Kenzo Close Things Out With A Combined Men’s And Women’s Show
Our last show of Paris and OMG there’s a bungee situation at Kenzo. Lots of bouncy abseiling boys and girls pon the walls on the Lycée Camille Sée. Properly fab. Collection itself, for both men and women, came from two Japanese figures – supermodel Sayoko Yamaguchi and musician Ryuichi Sakamoto. Carol and Humberto said that the pioneering Ryuichi has long been an inspiration to their work, whilst Sayoko was a muse of Kenzo Takada himself that they’d become obsessed with after seeing images of her in the archive. Those photographs spoke of this incredible way that Sayoko had of clashing patterns and prints, silhouettes and colours.
So that’s what the pair did here – graphic florals sat next to the same print in a clashing colour, stripes met stripes, t-shirts were emblazoned with sporty racing prints.
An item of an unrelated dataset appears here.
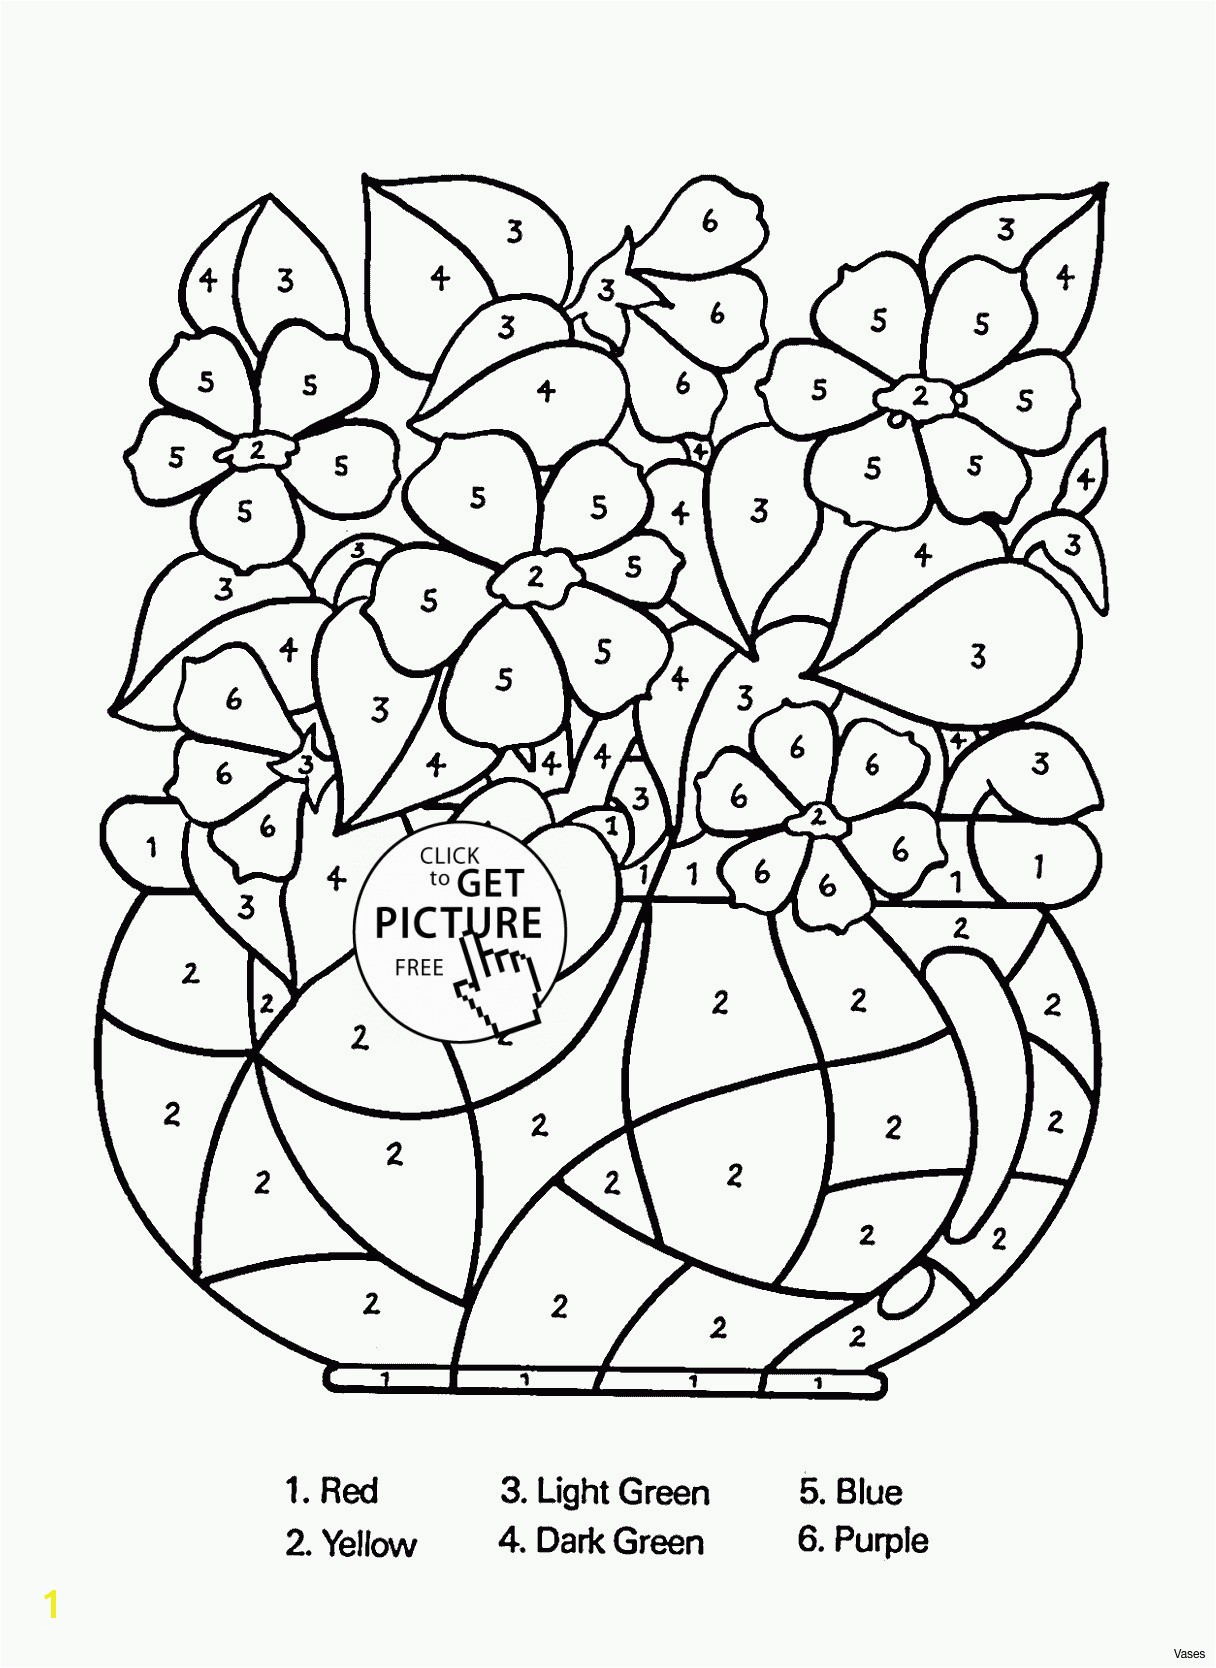 Coloring Book Pages Of Babies Inspirational Coloring Book Pages Babies Flower Coloring Pages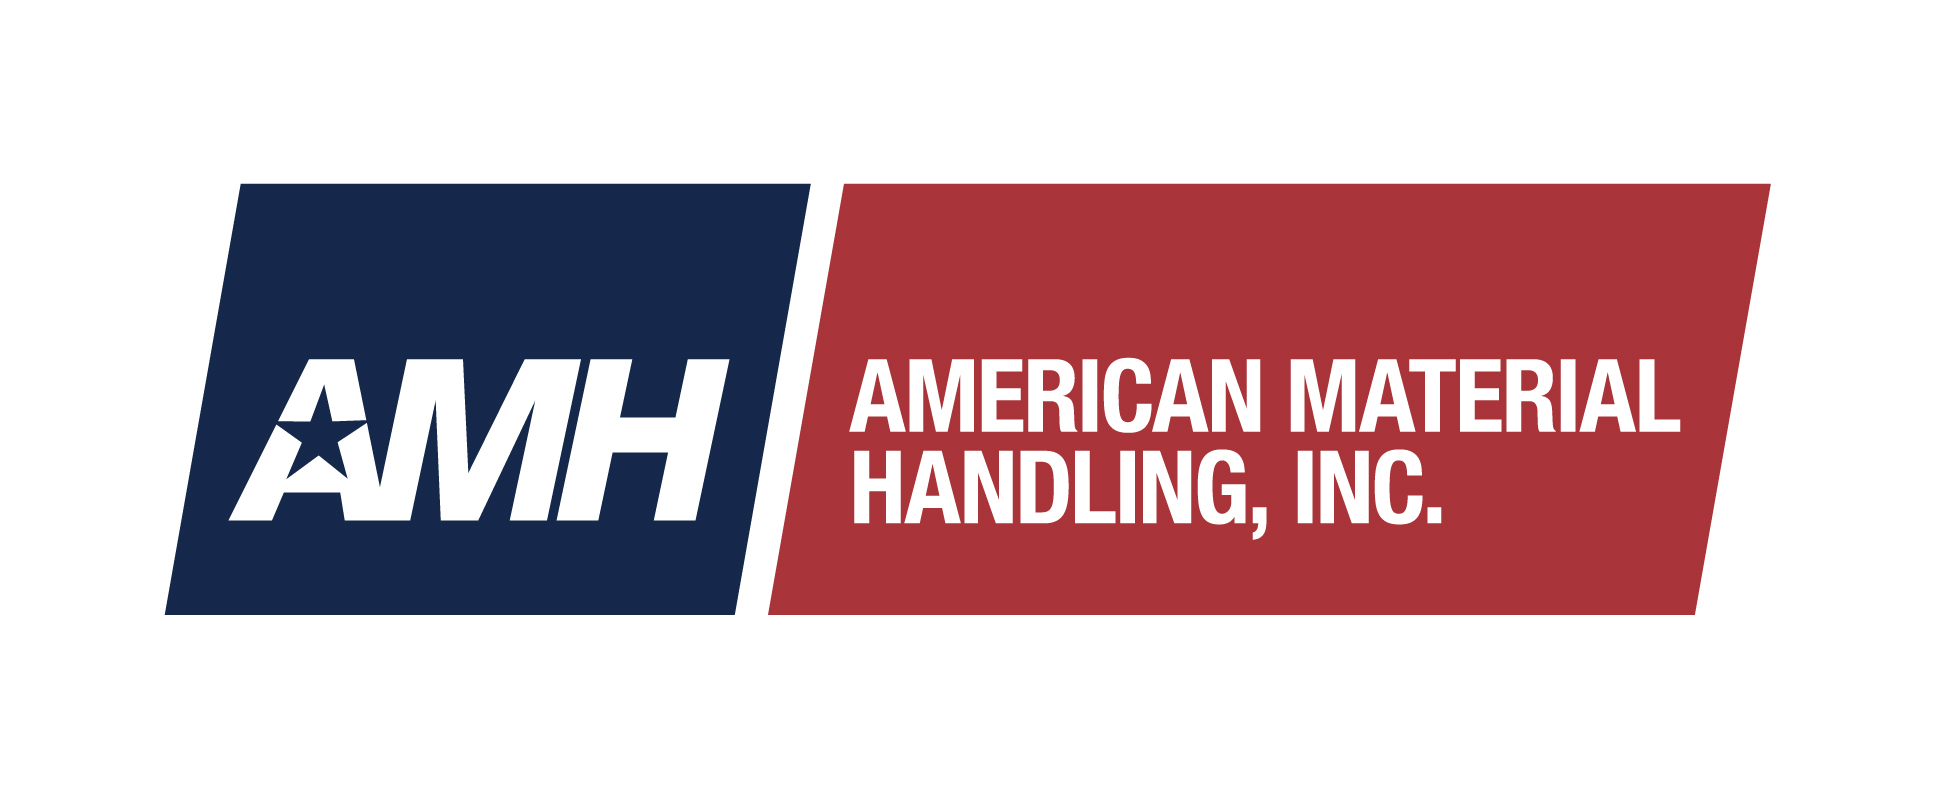 American Material Handling, Inc full company logo in blue white and read.

Slashes of sequins, metallic silks, hippyish paisleys. The women’s silhouette riffed on the era that the designers so often refer to – the 1980s – loads of ruffles, asymmetric dresses that fell off the shoulders, dresses that rushed along the body and sleeves. Menswear was a little bit more restrained – clean, strong-shouldered tailoring was worn with high-waisted 50s style trousers, a cut found throughout. It meant everything was tucked-in – fluffy neon jumpers, t-shirts printed with Ryuichi’s face, bold, boxy shirting. Honestly there’s so much more good stuff to say here, but we have actually run out of words. All you need to know it that we liked it. We really really liked it. And with that, over and out Paris. We’re off to lie in a darkened room.